Долго ли могло Англ о-Нормандское королевство избегать втягивания в подобного рода конфликт? Уже Григорий VII тщетно пытался протестовать против привилегии, которую в 1068 году получил в Риме герцог-король Вильгельм для учрежденного им аббатства Святого Стефана в Кане: оно, вопреки клюнийскому уставу, подчинявшему монастыри непосредственно юрисдикции Святого престола, зависело от Руанского архиепископства. Вильгельм отказывался от какого бы то ни было изменения этого порядка, поэтому с тех пор и до конца его правления ни одно из аббатств Нормандии не получало папских привилегий. По воле случая Гильдебранд взошел на престол святого Петра как раз в то время, когда Вильгельм, завершив свое трудное завоевание, более не испытывал, как прежде, потребности в поддержке со стороны папского Рима. У него уже было больше свободы для маневра, когда идеи, высокомерно провозглашенные новым папой, породили в нем желание дистанцироваться от папской курии и даже, возможно, ослабить связи с ней англо-нормандского духовенства. Он запретил Ланфранку отправляться в Рим на церковные соборы, которые проводились в те годы, и Ланфранк подчинялся ему — значительно охотнее, чем папе. В 1078 году состояние здоровья архиепископа Руанского Иоанна ухудшилось настолько, что он не мог исполнять свои обязанности, и герцог-король выбрал в замену ему Вильгельма, прозванного Добродушным, — монаха Бекского монастыря, известного своей ученостью и благочестием. Григорий VII отказался утвердить это назначение и направил в Нормандию одного из своих клириков с наказом расследовать дело. Примерно тогда же он наделил архиепископство Лионское верховными правами по отношению к архиепископствам Турскому, Санскому и Руанскому, что означало упразднение церковной автономии Нормандии. Герцог-король ответил протестом, выдержанным в достаточно почтительных тонах и не затрагивавшим глубинной сущности проблемы, одновременно побудив к действию своих друзей в Риме. Завязалась переписка, в которой обсуждалось множество второстепенных вопросов и не затрагивалось главное. В 1080 году конфликт был по-тихому урегулирован: верховенство Лиона осталось мертвой буквой, Вильгельм Добродушный был утвержден в своей должности, а Григорий VII согласился даже вступить в контакт с Робертом Коротконогим, дабы побудить его к более достойному поведению.

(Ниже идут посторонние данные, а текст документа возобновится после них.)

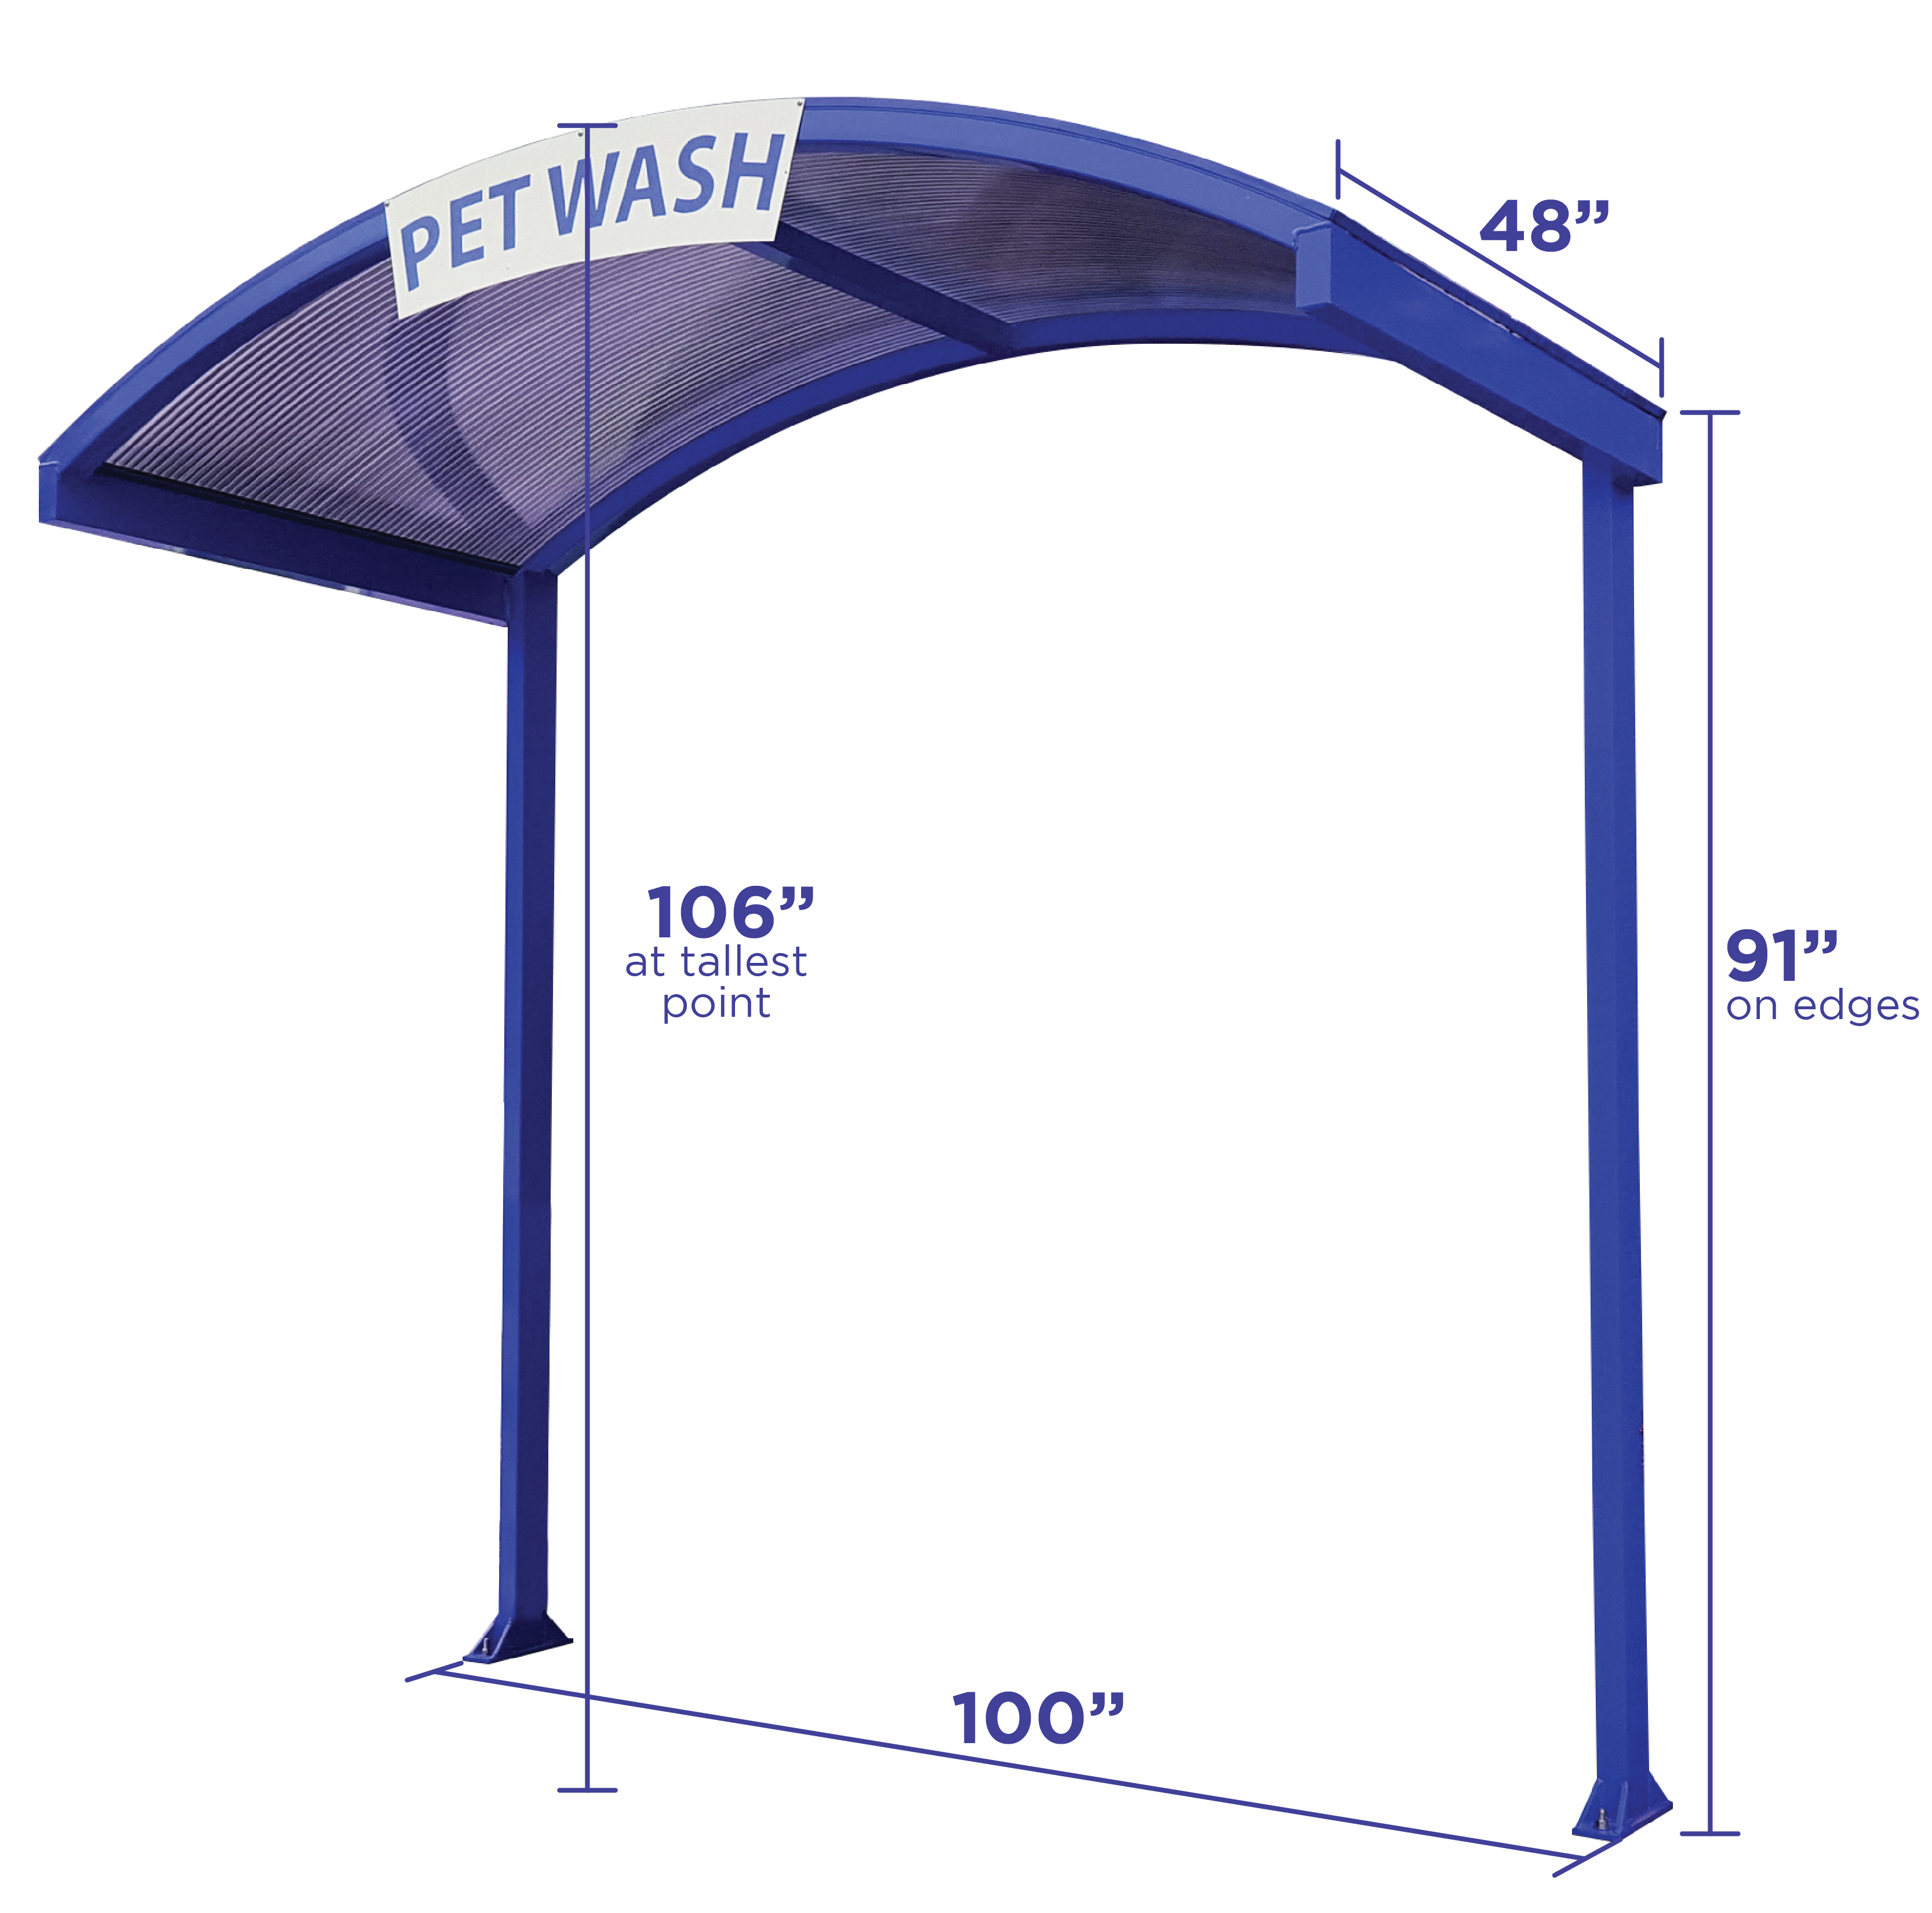 Awning with Measurements

Но вернемся к конфликту папы с императором, который, временно утихнув, разгорелся с новой силой. 7 марта 1080 года, несмотря на «хождение в Каноссу» Генриха IV, Григорий VII во второй раз отлучил его от церкви, открыто заявив о своей поддержке Рудольфа, которого мятежные германские феодалы избрали антикоролем в пику Генриху. Пикантность ситуации состояла в том, что против этого нового «короля» было почти все германское духовенство. Ввязавшись в бескомпромиссную борьбу с императором, Григорий VII вынужден был, хотел он того или нет, поддерживать отношения с королем Англии. 24 апреля он отправил к Вильгельму пространное послание, в котором, не скупясь на похвалу в адрес Завоевателя, как бы между прочим напомнил об услугах, в свое время оказанных ему папой. Это была лишь подготовка почвы для более решительного демарша. 8 мая он отправил со своим легатом в Руан другое послание, в котором сравнивал, прибегая к риторическим оборотам, полным двойного смысла, власти церковную и королевскую, соответственно, с солнцем и луной, которые оба светят, но вторая заимствует свой свет у первого. Эта принципиальная декларация должна была подготовить устное сообщение легата, передавшего два требования своего хозяина: более пунктуально выплачивать подать, высокопарно именовавшуюся денарием святого Петра, — и принести вассальную присягу Святому престолу за вновь приобретенные земли. Вильгельм холодно отверг второе требование, которого, как он заметил, не одобряют английские обычаи. Что же до первого, то его он в принципе согласился удовлетворить, поскольку и другие независимые государства платили Риму. Трудно сказать, какой оборот приняло бы это дело, если бы не бурные события, вскоре развернувшиеся в Италии.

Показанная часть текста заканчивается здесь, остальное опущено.